EXERCISE: Whenever a line in the data holds the string "Black", pull that line out.
*** Opening DATA EXCERPTS ***
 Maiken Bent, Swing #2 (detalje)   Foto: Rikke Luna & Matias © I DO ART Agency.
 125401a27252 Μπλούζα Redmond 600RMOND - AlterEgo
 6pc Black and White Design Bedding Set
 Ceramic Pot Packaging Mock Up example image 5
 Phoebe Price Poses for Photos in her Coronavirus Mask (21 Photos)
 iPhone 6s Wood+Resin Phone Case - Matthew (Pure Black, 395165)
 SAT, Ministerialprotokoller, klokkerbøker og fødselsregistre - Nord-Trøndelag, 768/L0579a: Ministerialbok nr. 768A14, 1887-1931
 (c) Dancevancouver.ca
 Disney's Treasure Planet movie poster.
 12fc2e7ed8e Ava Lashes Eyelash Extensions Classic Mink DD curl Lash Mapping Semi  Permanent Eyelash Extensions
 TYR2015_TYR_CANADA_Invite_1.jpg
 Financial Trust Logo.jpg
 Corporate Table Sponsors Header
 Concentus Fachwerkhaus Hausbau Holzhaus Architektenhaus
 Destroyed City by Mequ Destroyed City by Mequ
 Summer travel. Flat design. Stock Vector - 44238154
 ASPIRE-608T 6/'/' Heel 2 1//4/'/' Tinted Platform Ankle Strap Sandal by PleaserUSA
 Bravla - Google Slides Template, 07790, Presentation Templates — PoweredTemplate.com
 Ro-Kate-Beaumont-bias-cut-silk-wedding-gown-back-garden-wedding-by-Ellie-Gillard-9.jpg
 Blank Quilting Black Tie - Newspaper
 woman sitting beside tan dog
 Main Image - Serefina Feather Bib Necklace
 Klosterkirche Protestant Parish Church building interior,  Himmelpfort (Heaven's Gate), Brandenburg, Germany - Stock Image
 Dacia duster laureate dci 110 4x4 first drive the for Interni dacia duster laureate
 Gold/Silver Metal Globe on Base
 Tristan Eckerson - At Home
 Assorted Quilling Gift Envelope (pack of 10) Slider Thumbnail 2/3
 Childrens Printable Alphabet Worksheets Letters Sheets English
*** Closing DATA EXCERPTS ***
WRITTEN RESPONSE:
 6pc Black and White Design Bedding Set
 iPhone 6s Wood+Resin Phone Case - Matthew (Pure Black, 395165)
 Blank Quilting Black Tie - Newspaper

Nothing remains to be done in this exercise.